South Africa’s small business funding gap is increasingly becoming a story of access rather than availability, with entrepreneurs, industry groups and development finance institutions acknowledging that billions of rand may exist on paper while many SMEs remain unable to secure capital in practice.
The issue has resurfaced amid renewed discussions around development finance reform, following recent commitments by the Industrial Development Corporation (IDC) to improve turnaround times, governance and operational efficiency. While institutions continue to position SME funding as central to economic growth and job creation, business owners say structural barriers continue to prevent smaller firms from accessing finance.
According to the Small Business Institute, the problem is rooted in how the financial system assesses risk and defines “fundable” businesses.
The organisation has previously warned that traditional lending models disproportionately exclude SMEs that lack collateral, audited financial statements or long operating histories, even when they are commercially viable.
The Institute has also highlighted the growing disconnect between the types of funding products available and the realities facing many South African SMEs, particularly businesses operating in townships, informal markets and service-based industries where asset ownership is limited.
Delays and strict criteria frustrate entrepreneurs
For many entrepreneurs, the challenge is not simply finding funding institutions but navigating lengthy processes and rigid requirements that can delay expansion plans or prevent applications from succeeding altogether.
Mbalenhle Dladla, founder of skincare manufacturer Mgabadeli Botanics, said she spent months attempting to secure funding to expand production capacity after receiving increased retail demand.
“You are constantly told there is funding for SMEs, but once you enter the system, you realise how difficult it is to actually qualify.
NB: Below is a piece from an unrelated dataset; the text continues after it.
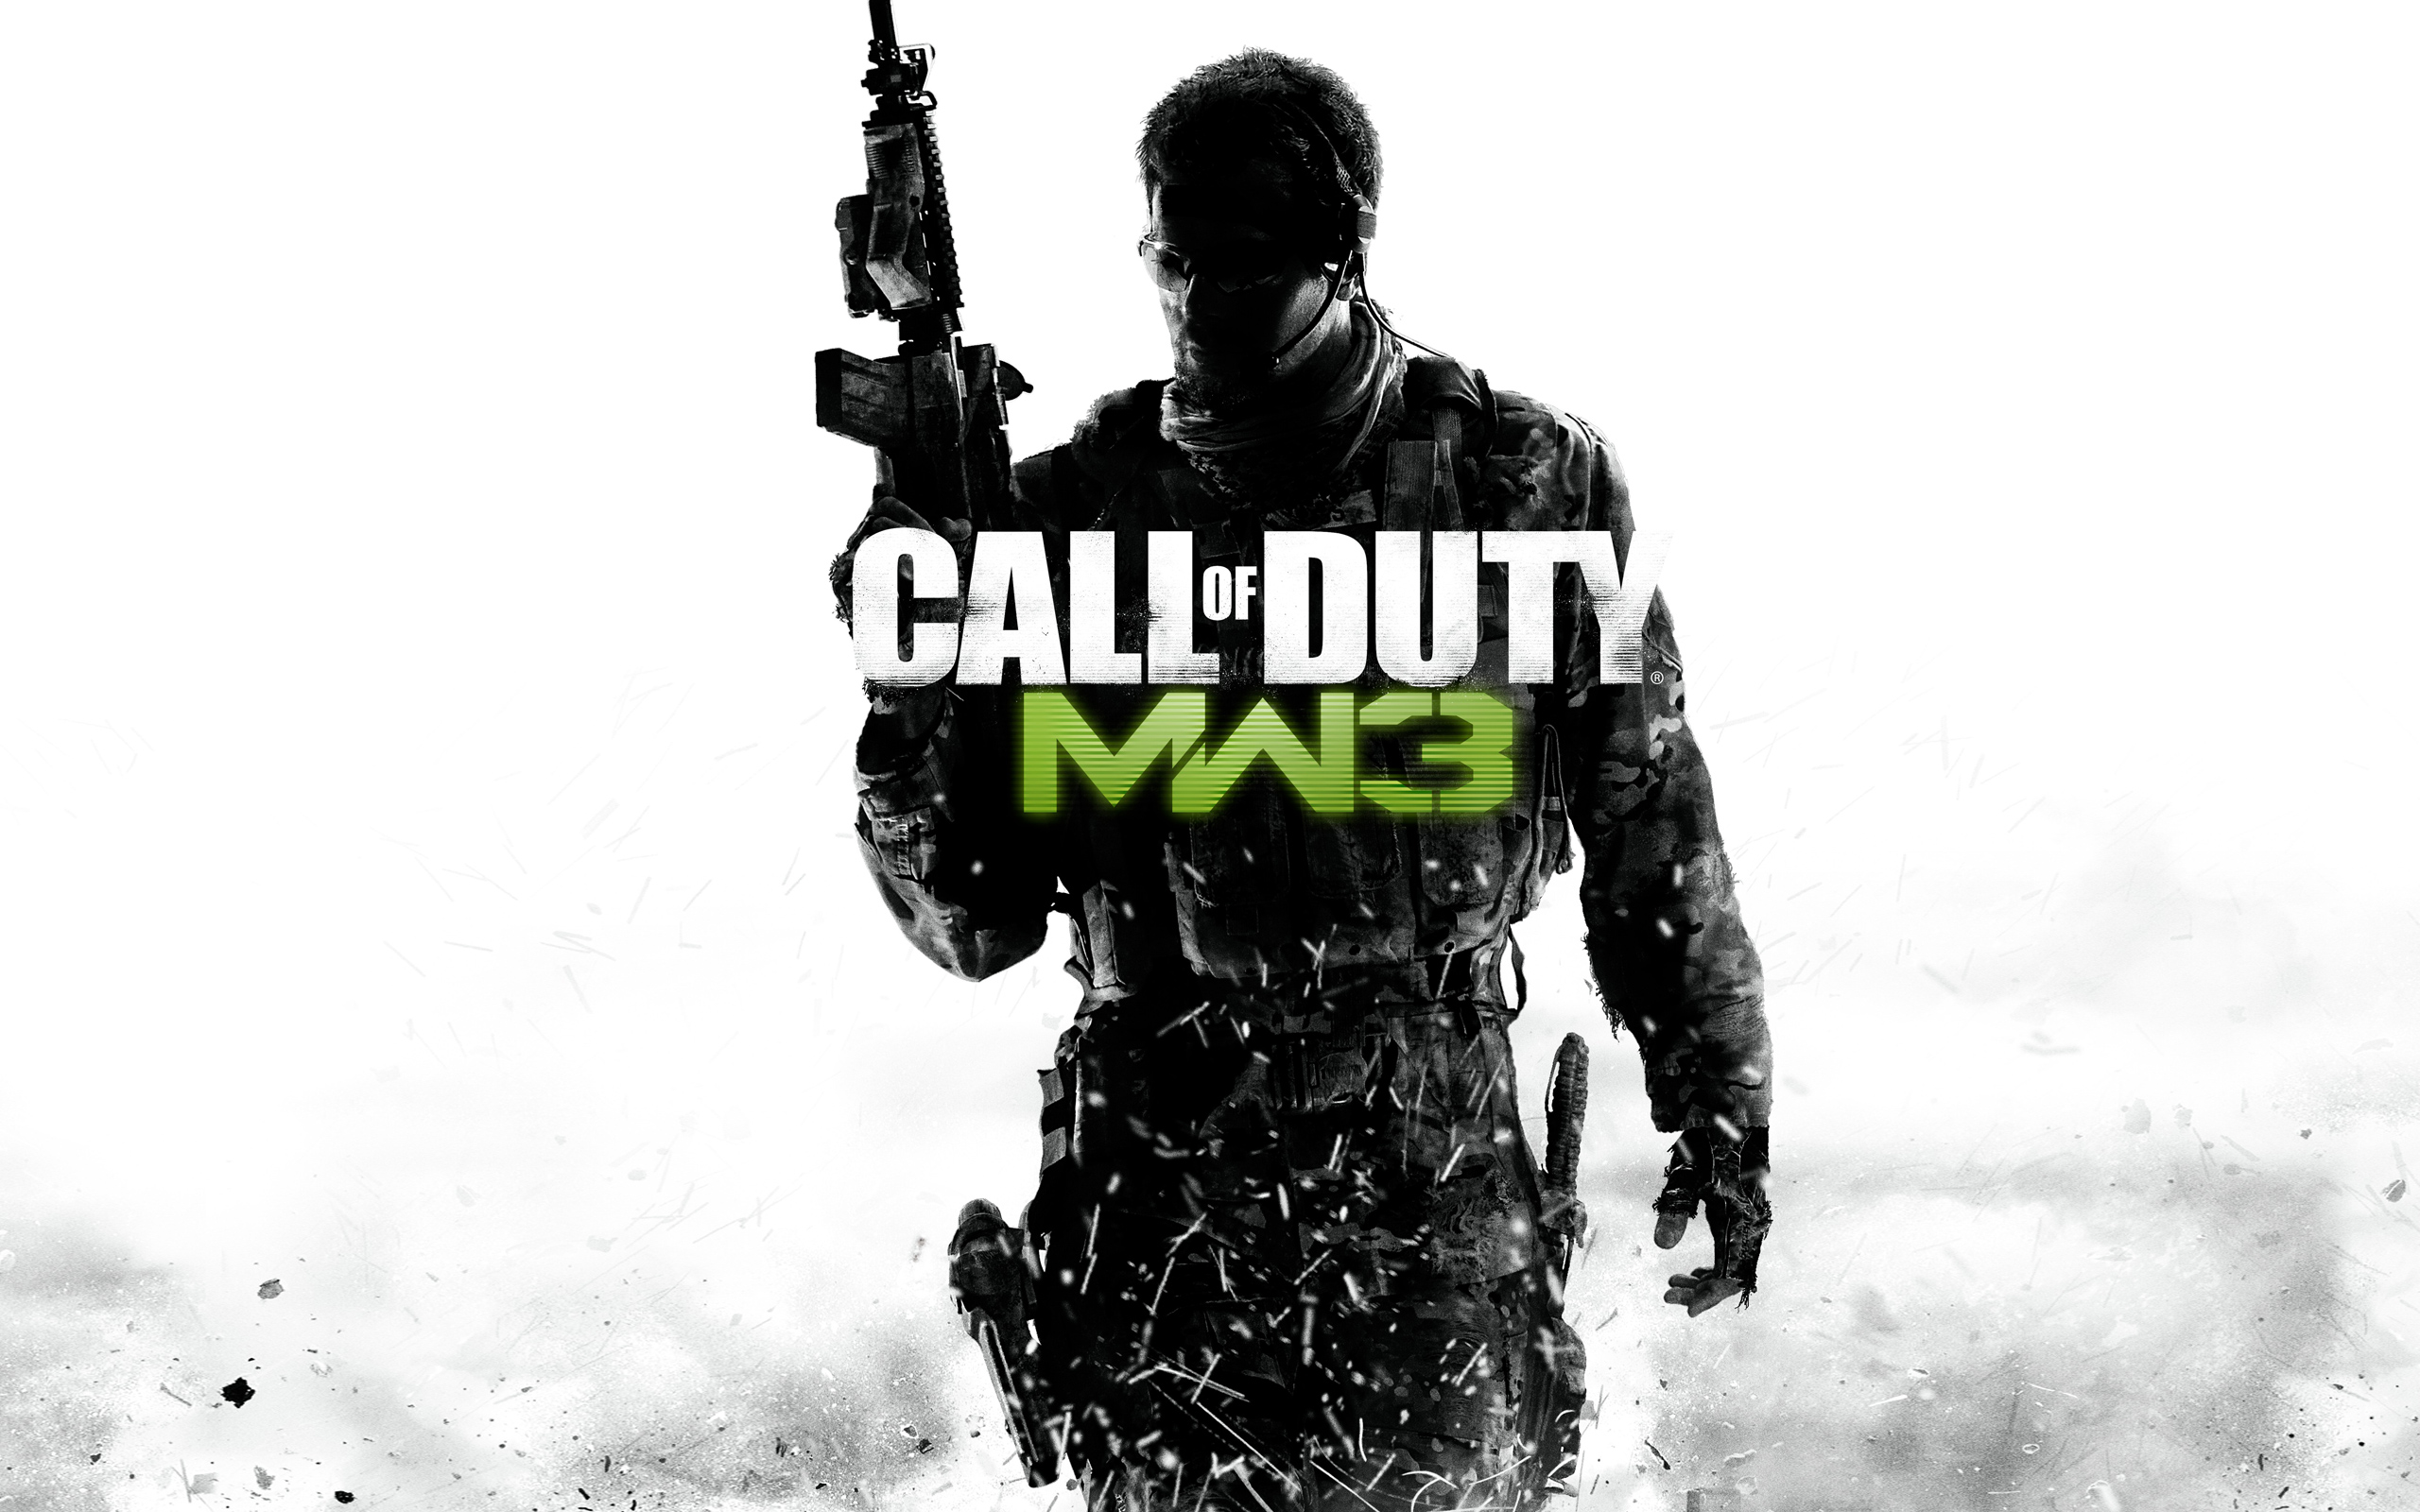 Call Of Duty Modern Warfare 3 Wallpapers HD Wallpapers 2560x1600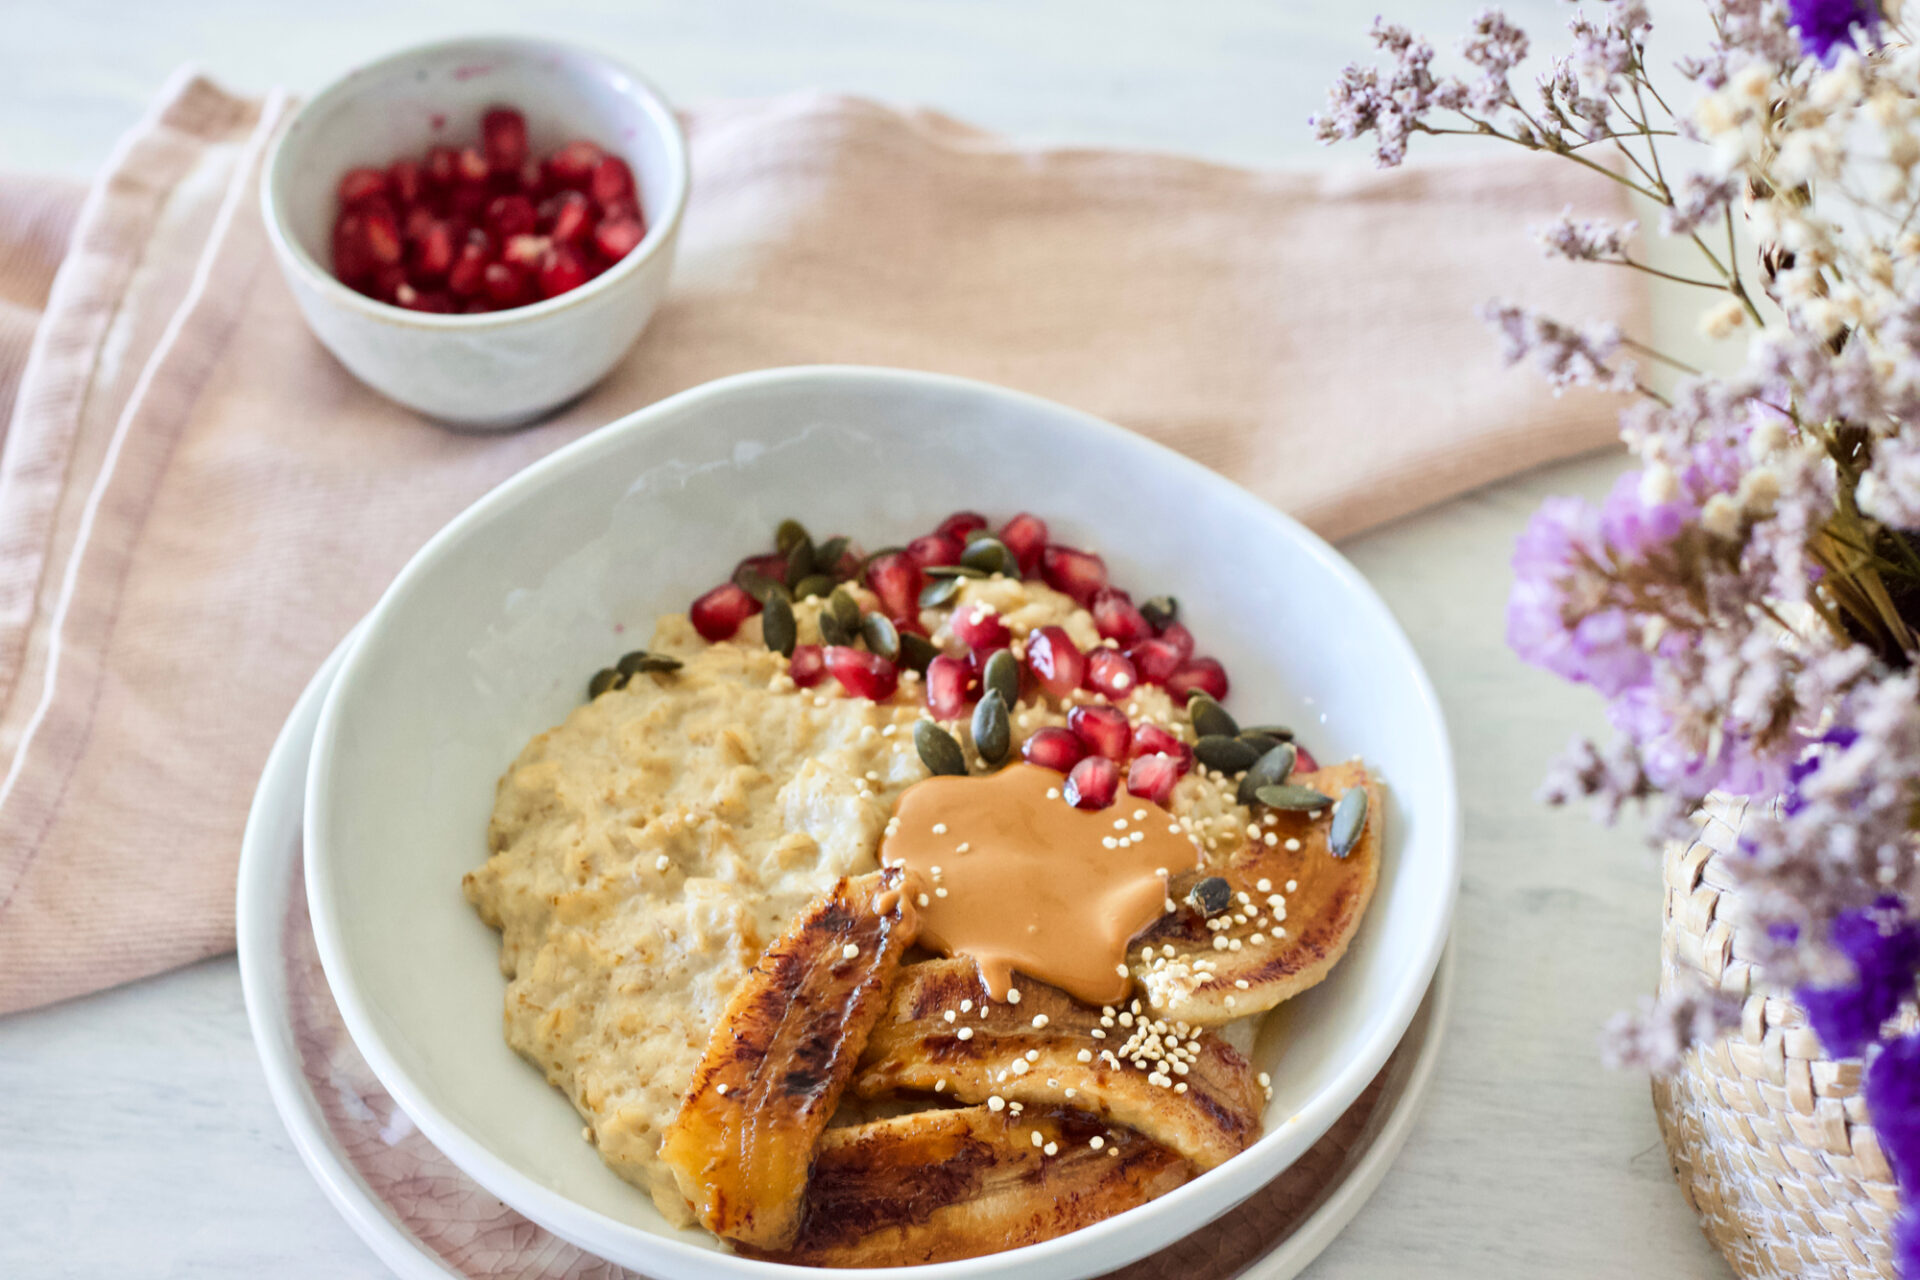 healthy-vegan-breakfast-caramelized-Banana-Oatmeal-saudável-aveia-banana-caramelizada-3

The paperwork, the waiting periods and the requirements become overwhelming for a growing business,” she said.
Thapelo Seakamela, owner of logistics company Seakamela Freight Solutions, said funding delays can become financially damaging for smaller firms operating with limited cash reserves.
“SMEs do not have the luxury of waiting six months for approvals while expenses continue piling up. Opportunities move quickly, and by the time funding arrives, the contract or growth opportunity may already be gone,” he said.
The National Small Business Chamber said many SMEs continue to struggle because funding models remain heavily geared toward traditional banking principles rather than the operational realities of smaller businesses. The organisation noted that affordability, communication breakdowns and long turnaround times remain among the biggest frustrations raised by entrepreneurs.
A system struggling to assess SMEs
Industry experts say the issue is compounded by how financial institutions measure risk. SMEs are often viewed as high-risk borrowers due to irregular cash flow, limited credit histories and higher failure rates, making lenders more cautious.
This has created what economists often describe as the “missing middle”, where businesses needing moderate levels of growth capital fall between microfinance support and large-scale commercial funding.
Recent discussions by the IDC around blended finance and partnership-driven funding models are aimed at addressing some of these gaps by expanding the pool of capital available to SMEs. However, experts warn that unless approval systems become faster and more flexible, structural barriers will persist.
The stakes are significant. SMEs account for a substantial share of employment in South Africa and are widely viewed as critical to economic growth in a low-investment environment. Yet limited access to finance continues to constrain expansion, hiring and long-term sustainability.
As pressure mounts on development finance institutions to improve accessibility, the growing consensus among entrepreneurs and industry bodies is that South Africa’s SME funding crisis is no longer simply about the shortage of capital, but about whether the financial system is designed in a way that small businesses can realistically navigate.